I can SO relate to the girl in this book.  Her mom is in a good mood when she leaves for school, but is angry when she gets home.  It leaves her to wonder “What did I do wrong?”  She calls her grandma, who tells her she’s done nothing wrong.  “You know that your mother has problems, and she hasn’t gotten the help she needs.  I hope that one day she will.  But your mother loves you even when she’s yelling.”

I can relate to this girl because it was like that with MY mom.  One minute, she was fine (at least she wasn’t screaming and yelling!) and the next I wondered what I did wrong.

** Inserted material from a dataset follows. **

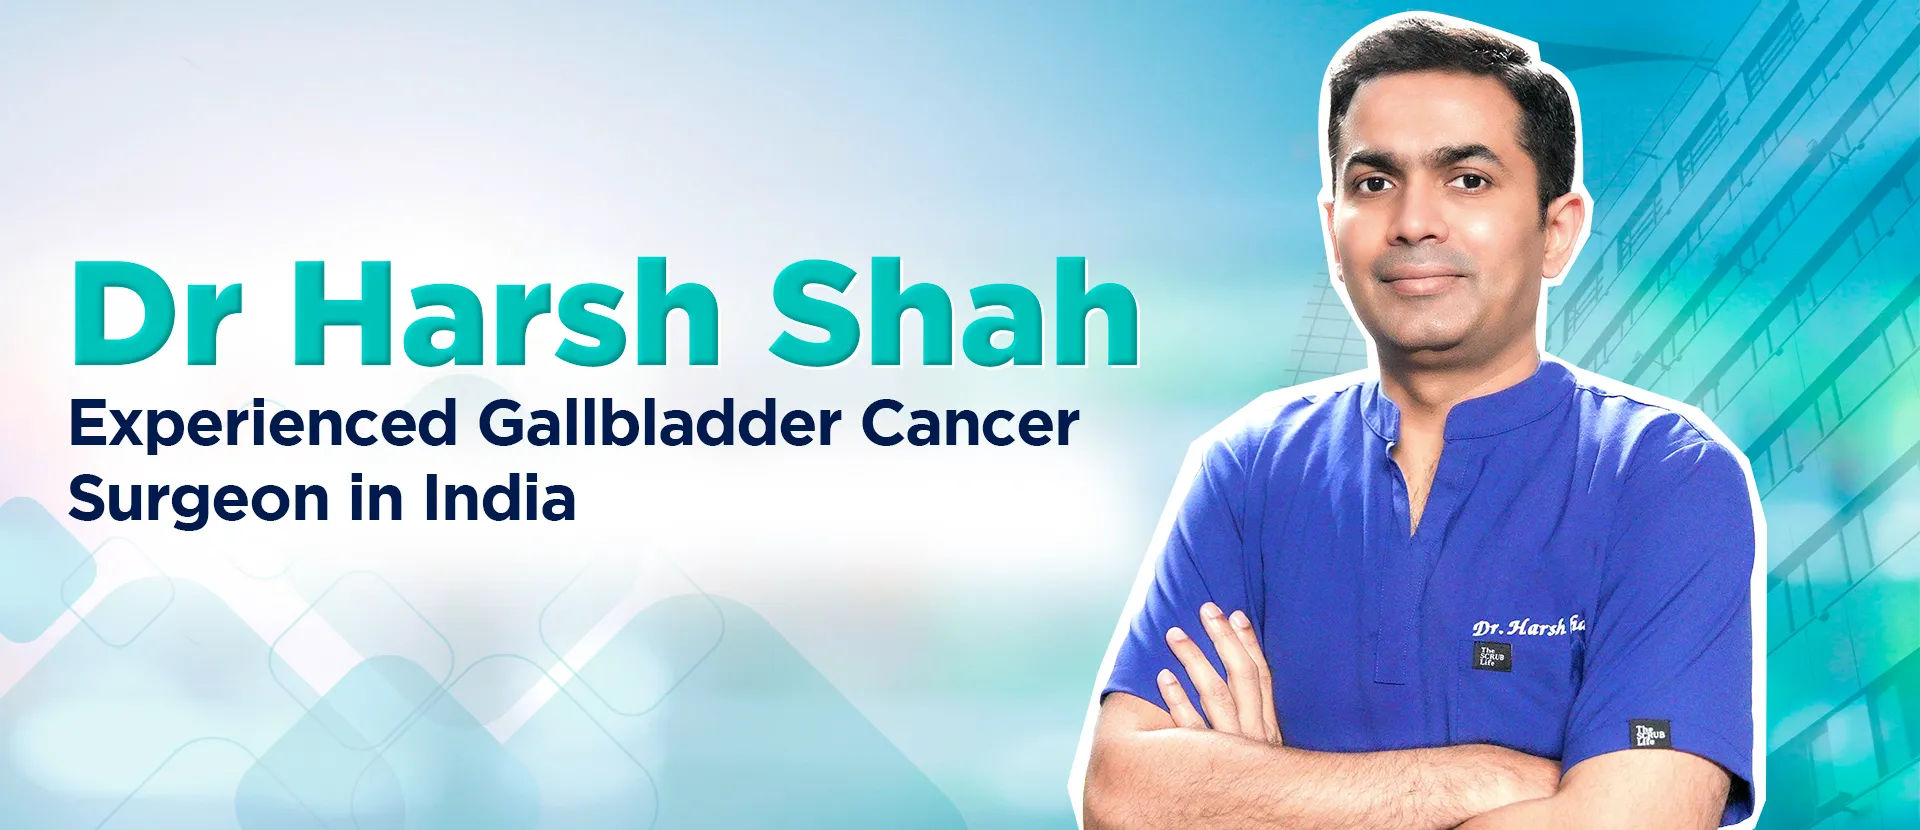 BEst gallbladder cancer surgeon and gallbladder cancer hospital in Ahmedabad

I cried while reading this book because I did not have a grandmother to call, to comfort me and remind me that mommy still loves me and is not mad at me.  A few days ago, my younger sister and I talked about this.  She doesn’t believe that mom loves her.  It took me a long time (almost 30 years) to realize that yes, mom does, but because of something in her head mom can’t be the “mommy” that I wanted her to be.  Still happens today. I’m 36 years old.  I have to keep reminding myself that “this isn’t mom talking, it’s the mental illness.”  It is so hard to keep that straight!

I did not have a “secret snack” or people I could call.  I truly believed that I was the problem, and that mom was mad at me, and why would a neighbor help me, after all I was a problem child and caused my mom such grief.

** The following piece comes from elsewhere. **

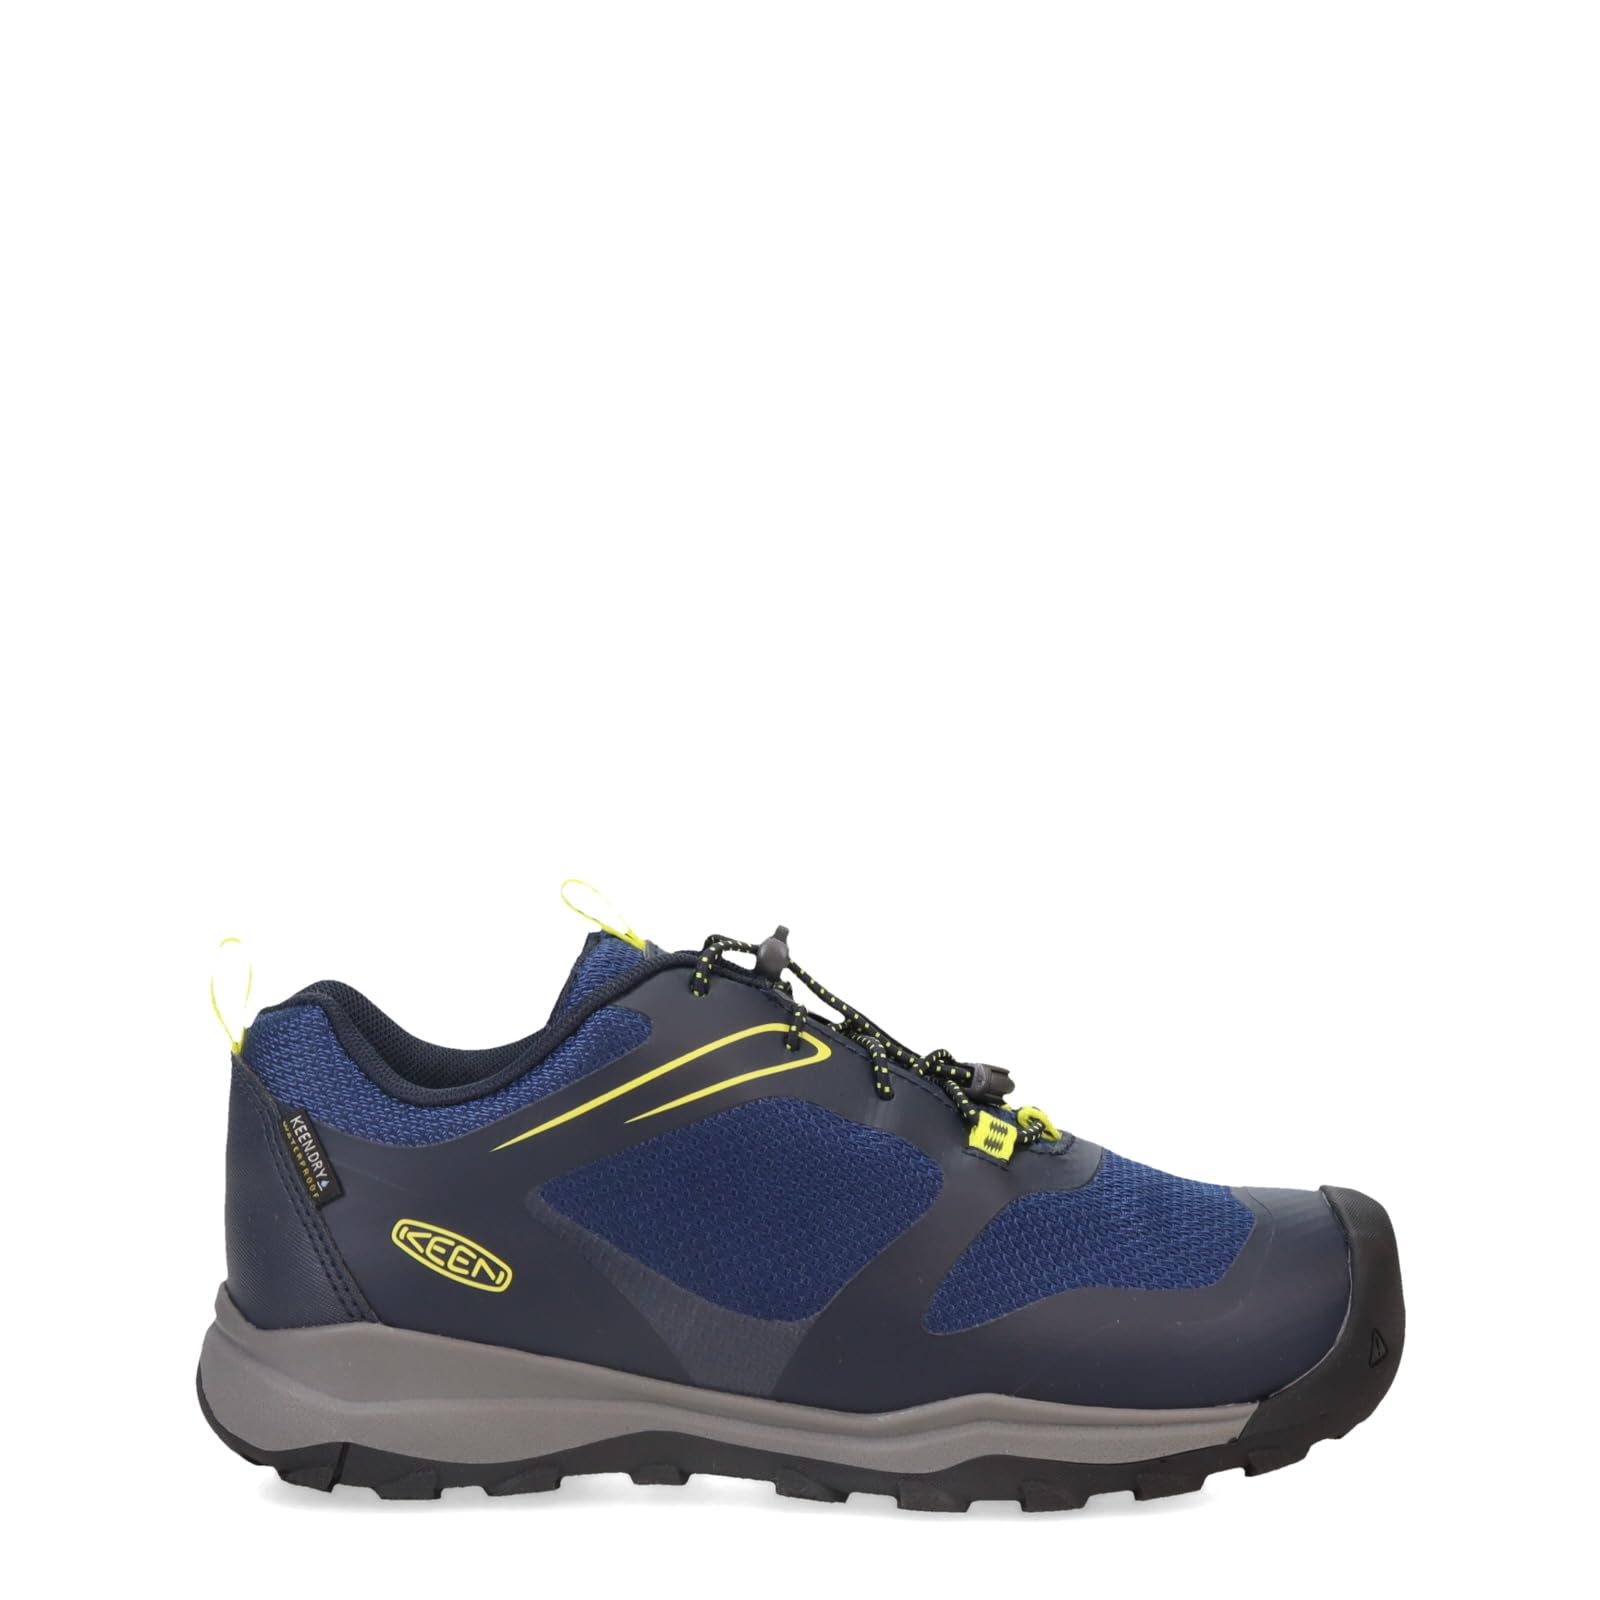 KEEN Unisex-Child Wanduro Low Height Waterproof Easy on Durable Hiking Sneakers

I cried reading the book also because I wonder, had mom had the medications or therapy or social support that she needed. . . where would I be today?  Another sense of grief, loss.

And yet if she had, then I would not be the person I am today.  Hmm.

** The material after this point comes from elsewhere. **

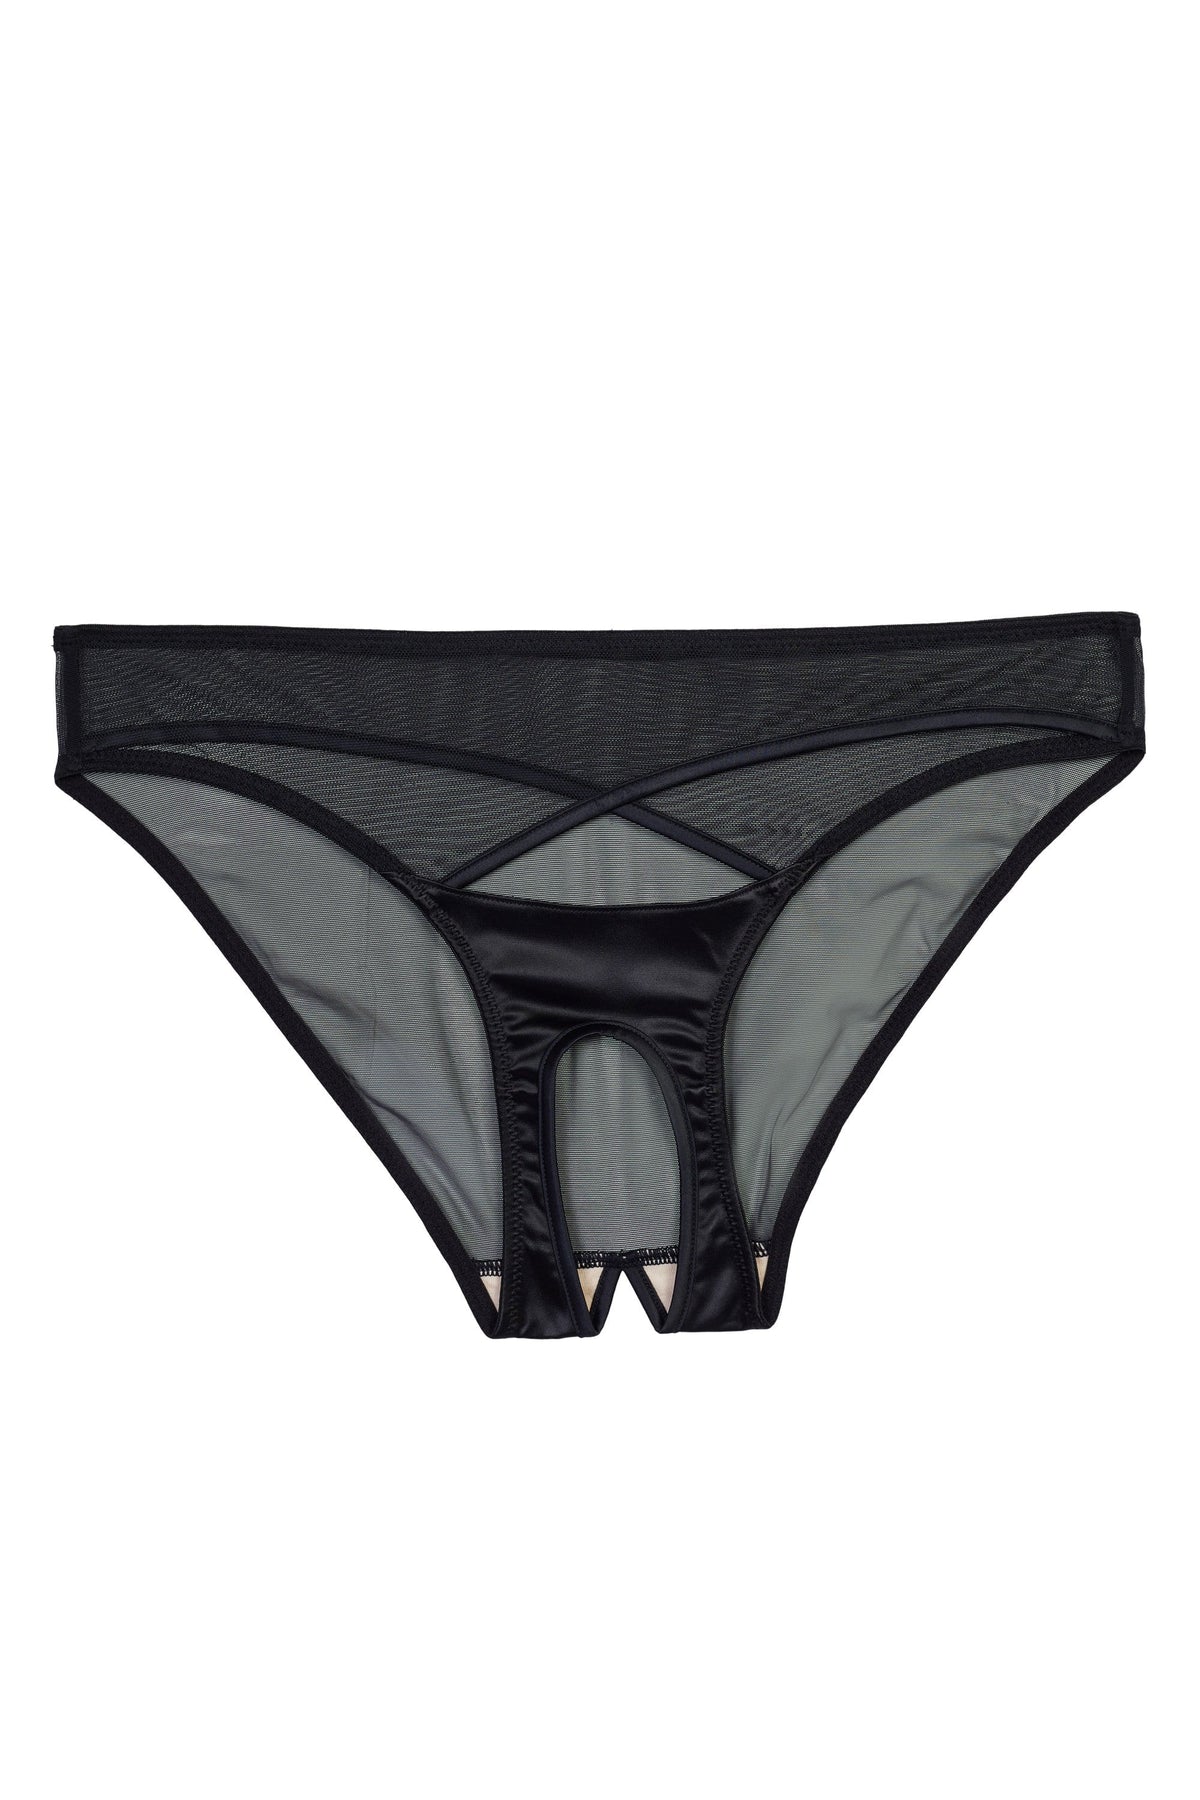 Buy Quttos PrettyCat Non Padded Plunge Bra Panty Lingerie Set Black at

Sometimes My Mommy Gets Angry, by Bebe Moore Campbell (illustrated by E. B. Lewis)

From broken to healed

Being a parent is a huge responsibility. You have this little child in your hands, their very heart and soul. It’s scary. If you make a misteak are you going to mess up this innocent child for the rest of his life?

And yet no parent is perfect. It’s just not possible to be. I guess that means that all children are messed up, some worse than others.

I hate to hear the news sometimes. A child molested. A child left in the trunk of a car. A child beaten. A child drowned. A child starved. Life is cruel and children get hurt. No matter what the parents do, it’s the kids who suffer for it.

So I think of my pain and past and there’s just no comparison. So what if my mom was nasty and mean. I should be able to shrug it off and go on. Who cares that she demanded perfection and wasn’t content with my best work at school or at home. At least I walked away from it. I survived, I lived through it, get on with life.

Then why do I treat my husband the way that she treated my father? And why do I find her words coming out of my mouth when I am angry with my children. And then I cringe for them, I remember how I hated her for how she treated me–and yet this is what I do to my very own, very precious children.

Sometimes I’ve wondered if I could have this surgically removed. I don’t know how to get rid of it. This whatever-you-want-to-call-it that I can’t get past in relating to my family.

Psalm 147.3: He healeth the broken in heart, and bindeth up their wounds.

Count me in that number, those broken in heart.  I need to be healed from something, I don’t even know what.